Good vibes and speedy recovery sir


----------



## o3jeff (Jan 1, 2012)

planb420 said:


> Good vibes and speedy recovery sir



I saw you in a pic on the Sundown FB wall!, you're hard to miss!


----------



## planb420 (Jan 1, 2012)

Hard to miss when your there everyday or maybe it's the coat  lol


----------



## bvibert (Jan 1, 2012)

That's a real bummer Madroch!  I hope you have a speedy recovery.


----------



## ScottySkis (Jan 1, 2012)

So sorry to hear that,


----------



## snoseek (Jan 1, 2012)

ouch!!!! Here's to a speedy recovery. It's funny how one little twitch can mess up a season.


----------



## wa-loaf (Jan 1, 2012)

Speedy recovery!


----------



## Glenn (Jan 1, 2012)

That's tough. Here's to hoping that rib heels up fast. Hang in there.


----------



## BackLoafRiver (Jan 1, 2012)

Sorry to hear man.  Vibes for a speedy recovery !


----------



## o3jeff (Jan 1, 2012)

Hopefully you don't catch a cough, that could hurt a little!


----------



## Madroch (Jan 1, 2012)

Thanks all. Worlds Better today already.  Hoping it heals fast... Kudos to sundown patrol, and perhaps even more emblematic of the kind of place sundown  really is is an in an event occurring after i was discharged from patrol and waiting for my wife-One of the instructors who taught  both my kids to ski saw me struggling in the lodge trying to pack up and  offered to help me get my boots off and drive me to the hospital- great guy and one of many that make sundown the type of place it is.  Hope to be back soon, until then will be lurking in the lodge while the kids ski.


----------



## Nick (Jan 1, 2012)

Oh no Madroch, sorry to hear... hope you feel better soon!! Speedy recovery as well!


----------



## skidmarks (Jan 1, 2012)

Get well soon!
Did you get the extended warranty on the Iphone?


----------



## Abubob (Jan 1, 2012)

Madroch said:


> Thanks all. Worlds Better today already.  Hoping it heals fast... Kudos to sundown patrol, and perhaps even more emblematic of the kind of place sundown  really is is an in an event occurring after i was discharged from patrol and waiting for my wife-One of the instructors who taught  both my kids to ski saw me struggling in the lodge trying to pack up and  offered to help me get my boots off and drive me to the hospital- great guy and one of many that make sundown the type of place it is.  Hope to be back soon, until then will be lurking in the lodge while the kids ski.

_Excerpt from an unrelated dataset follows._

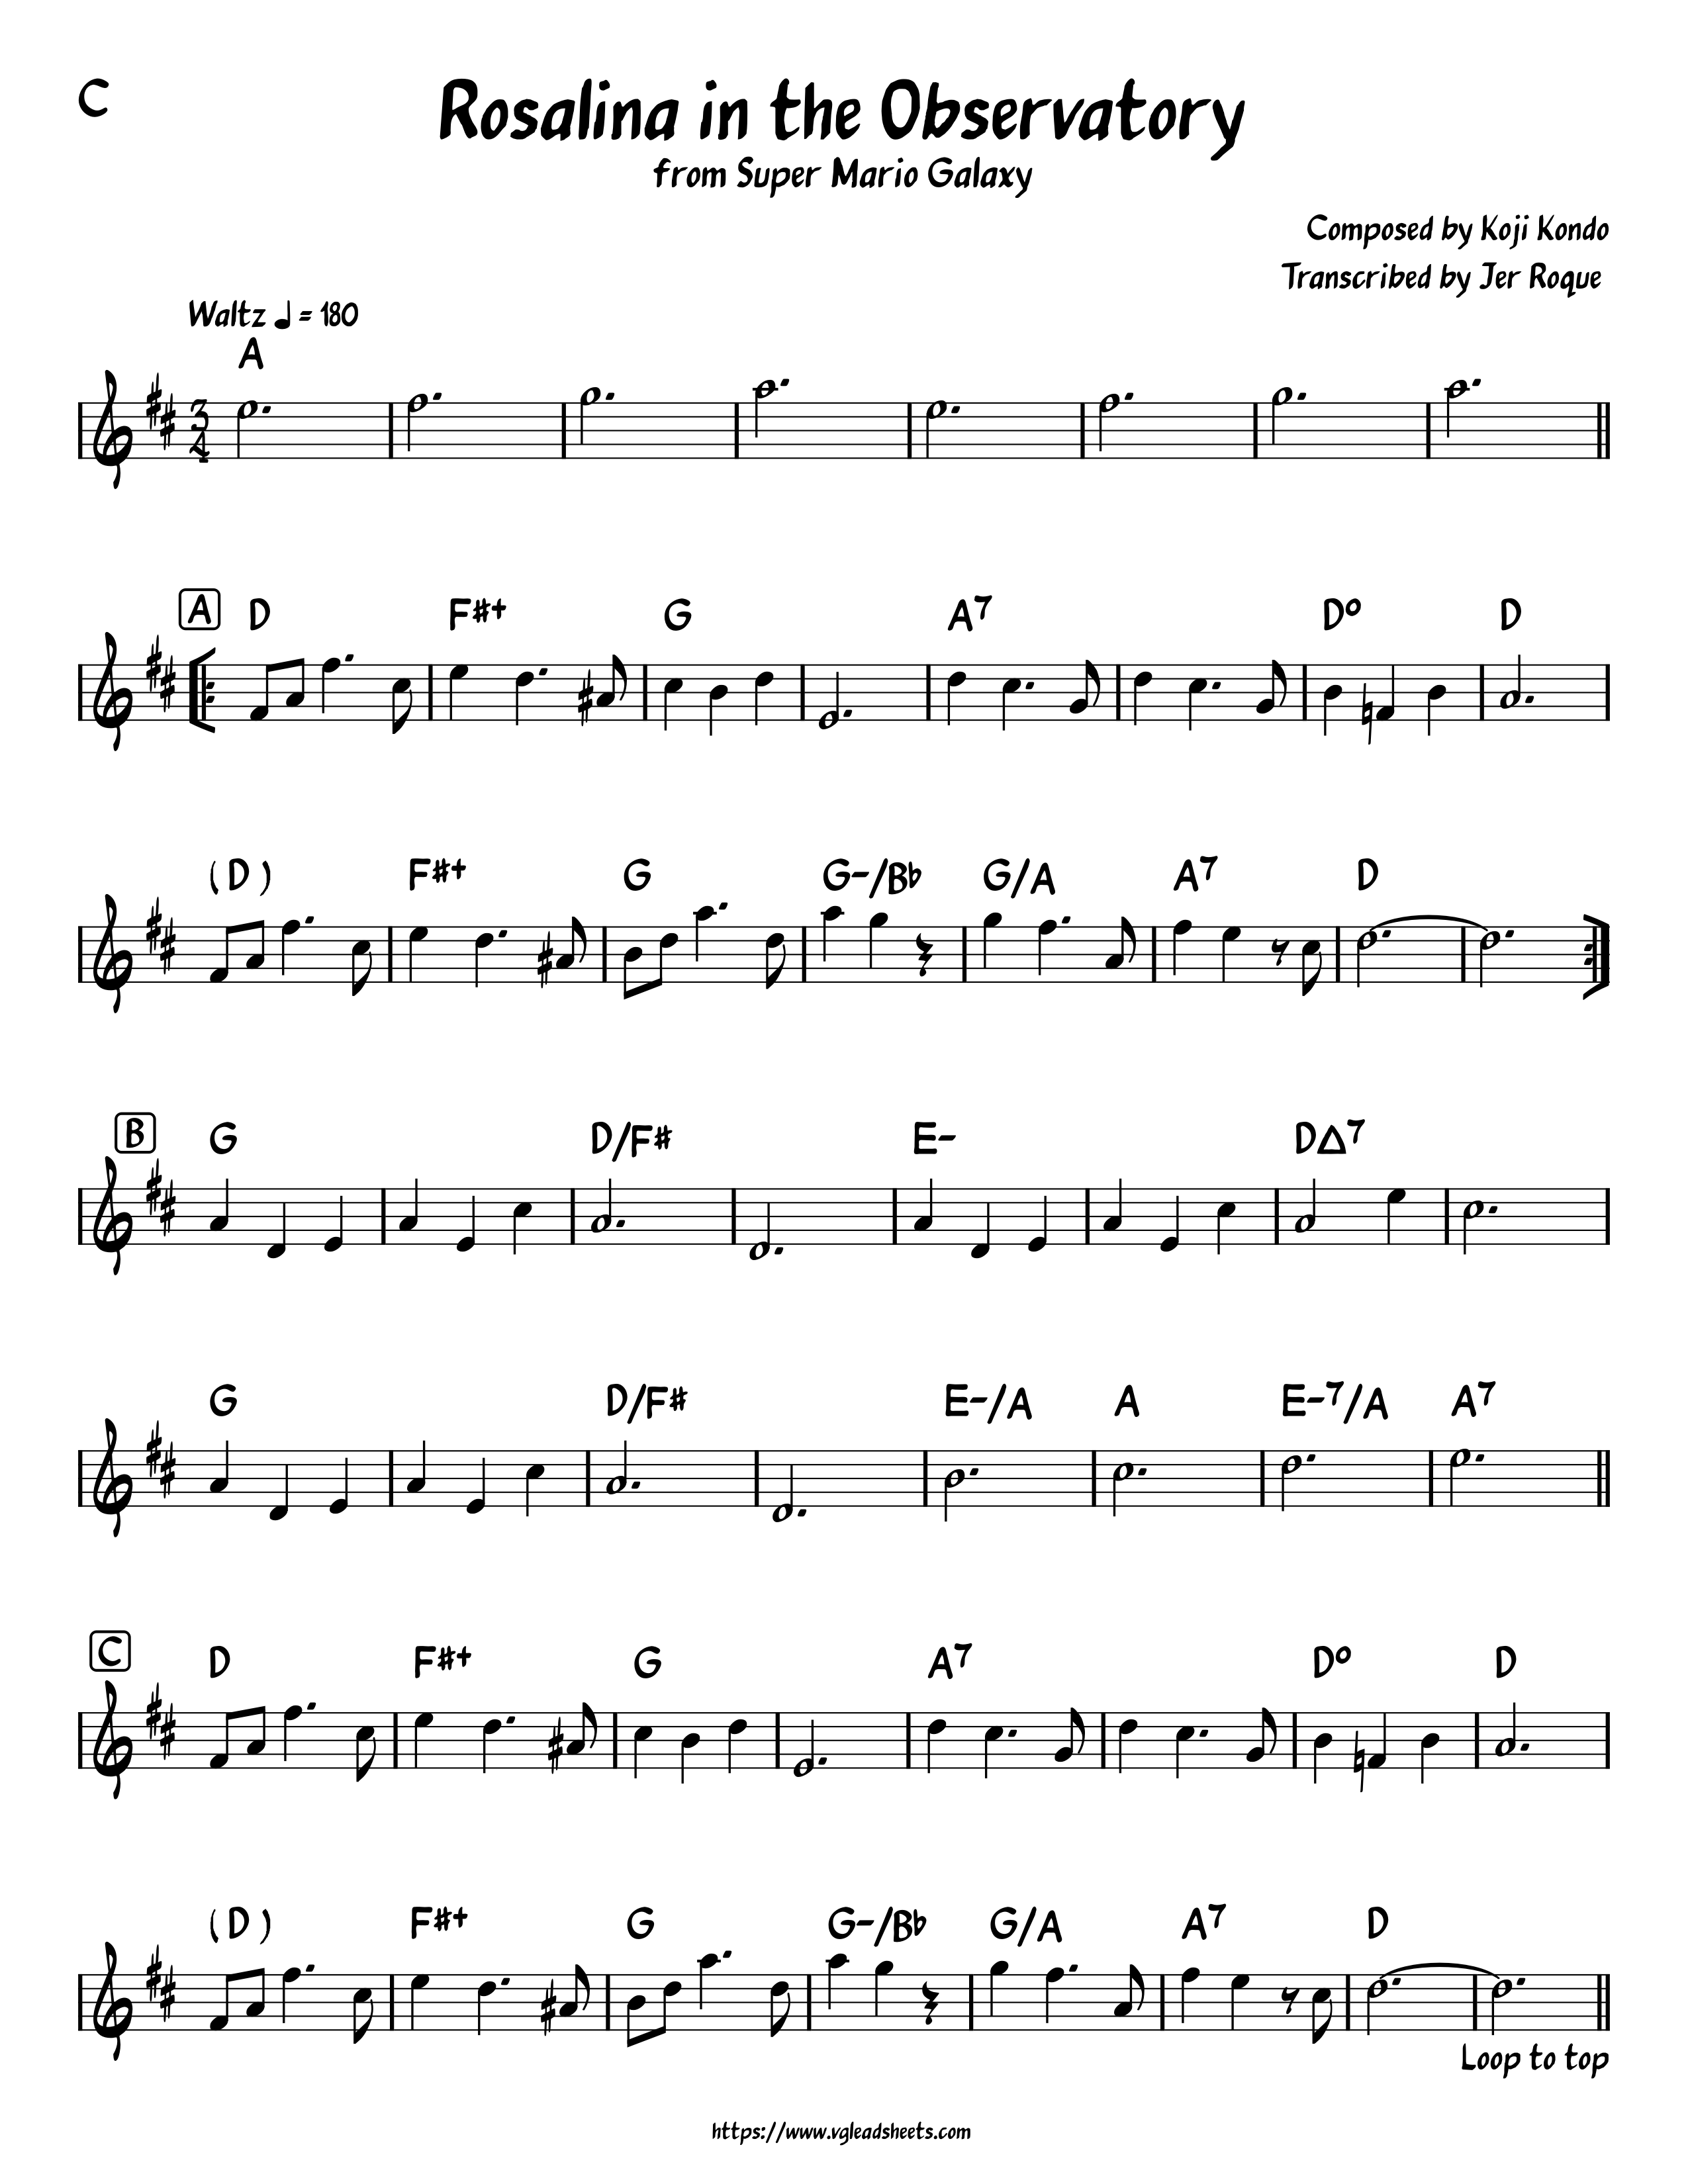 Green Hill Zone Sheet Music - 17 Arrangements Available Instantly -  Musicnotes
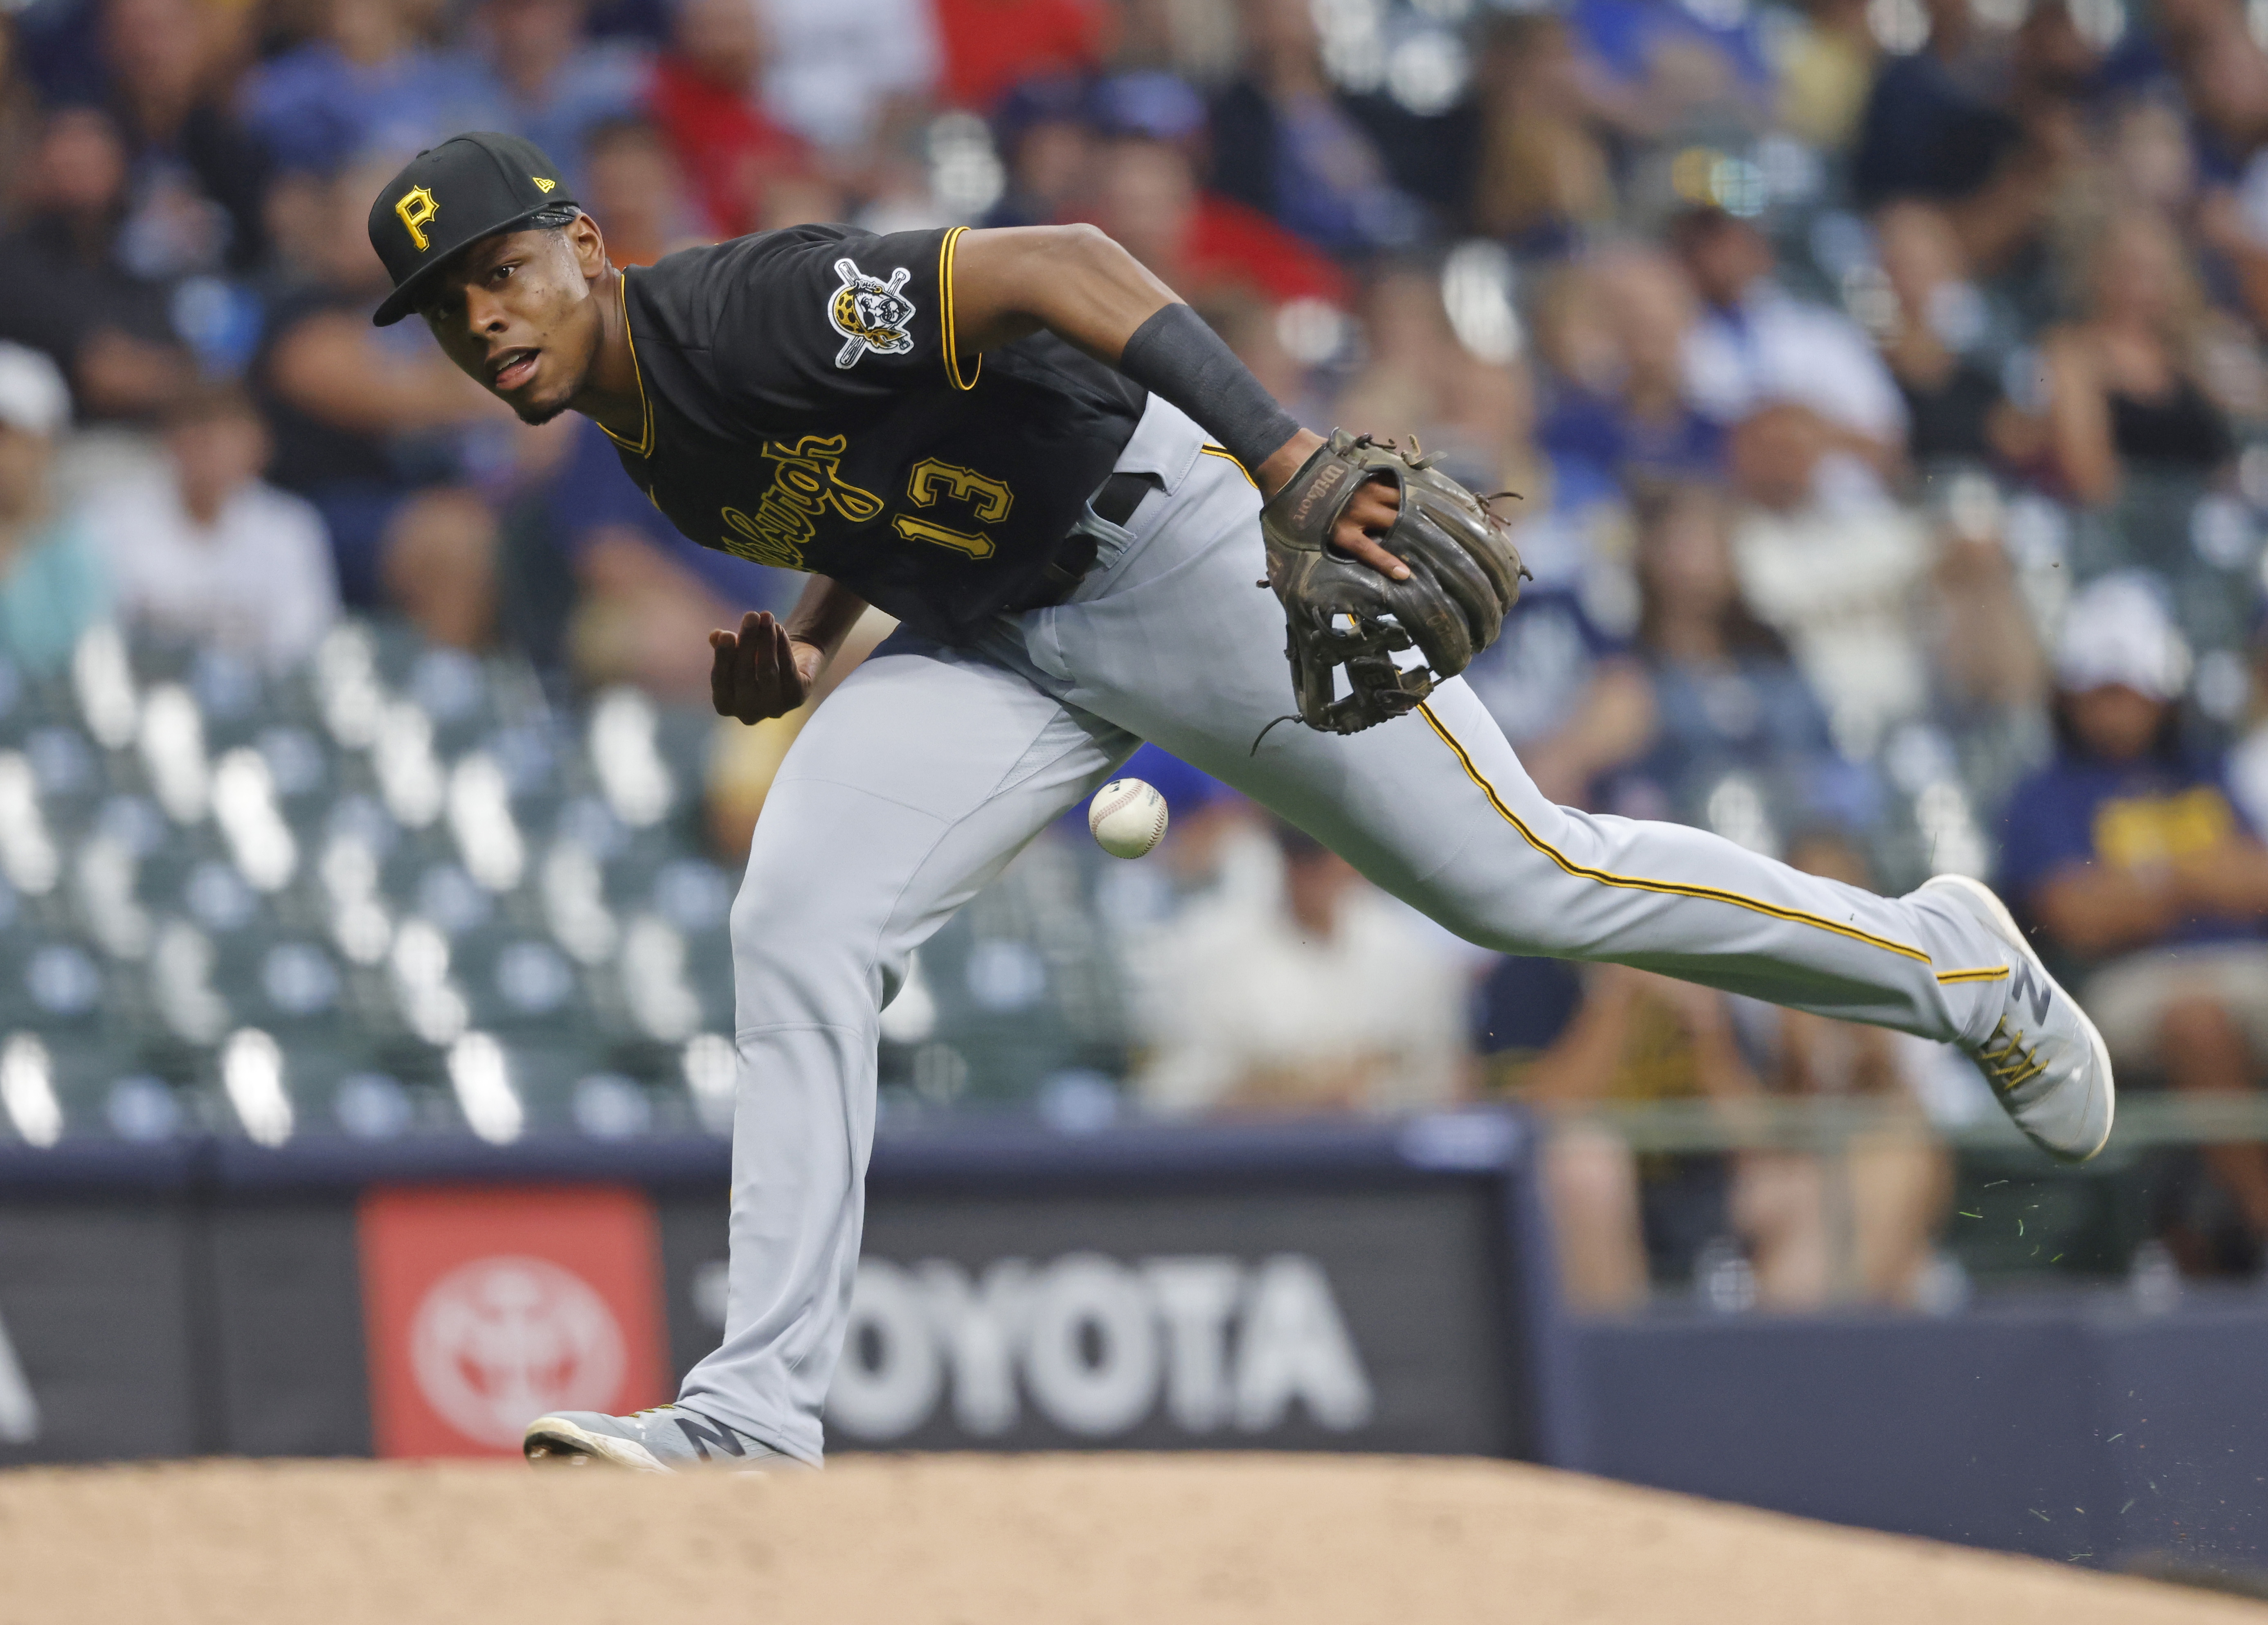 Pirates 3B Hayes eyes smoother 2022 after rocky rookie year

You have had one rough week. Seems you got good support form the area and that's nice. Also sounds like your girl is raring to go and not too shaken up. I hope you don't loose as much as 8 weeks but if the season keeps going the way it has then it will seem you picked the right year to get wrecked. I hope you mend well.


----------



## Greg (Jan 1, 2012)

Tough few days, Jon. Hope to see you back out in the spring. Your daughter is a sweetheart too. I was was saddened after I learned got taken out on Thursday.

Sundown is home.


----------



## 4aprice (Jan 2, 2012)

Looks like we need to start a new IR list like we had a few seasons ago.  A dear friend of mine (not a AZ member) went down with a broken pelvis just before Christmas.  My sympathies go out to you.  Rest up get better and hit it again when you are better.

Alex

Lake Hopatcong, NJ


----------



## jack97 (Jan 2, 2012)

get well soon.... hope there's enuf distractions to get thru this stretch. 





Madroch said:


> - when they-asked me cause of a accident- I wrote skier error- in crossing tips and on puttin iPhone in chest pocket.



its not ony putting the mtn to ease, its good karma and a good example for your kids. own up to your actions; good or bad.


----------



## planb420 (Jan 2, 2012)

Madroch said:


> Hope to be back soon, until then will be lurking in the lodge while the kids ski.



If you little ones need someone to ride with them I'd me more than happy to take em on a cruise a few times this season!


----------



## andyzee (Jan 2, 2012)

Wish you and your daughter a speedy recovery.


----------



## andyzee (Jan 2, 2012)

PS, buy a Smartphone, the iPhones are so yesterday.


----------



## Madroch (Jan 2, 2012)

Was somewhat  joking about putting mtn at ease..patroller said i hate to ask the obvious but  how could the accident  have been  avoided and I said don't cross your tips or keep your phone somewhere other than chest pocket.  It Hurt to laugh but he was pretty funny.  Good bedside manner.    He also said they also use data gathered to examine industry safety-- maybe we will see padded phone pocket protectors.. lol.. I know I will be sporting a fanny pack come spring.  I admit I had thought of the rib issue with the phone... But always figured what are the odds.. my bad.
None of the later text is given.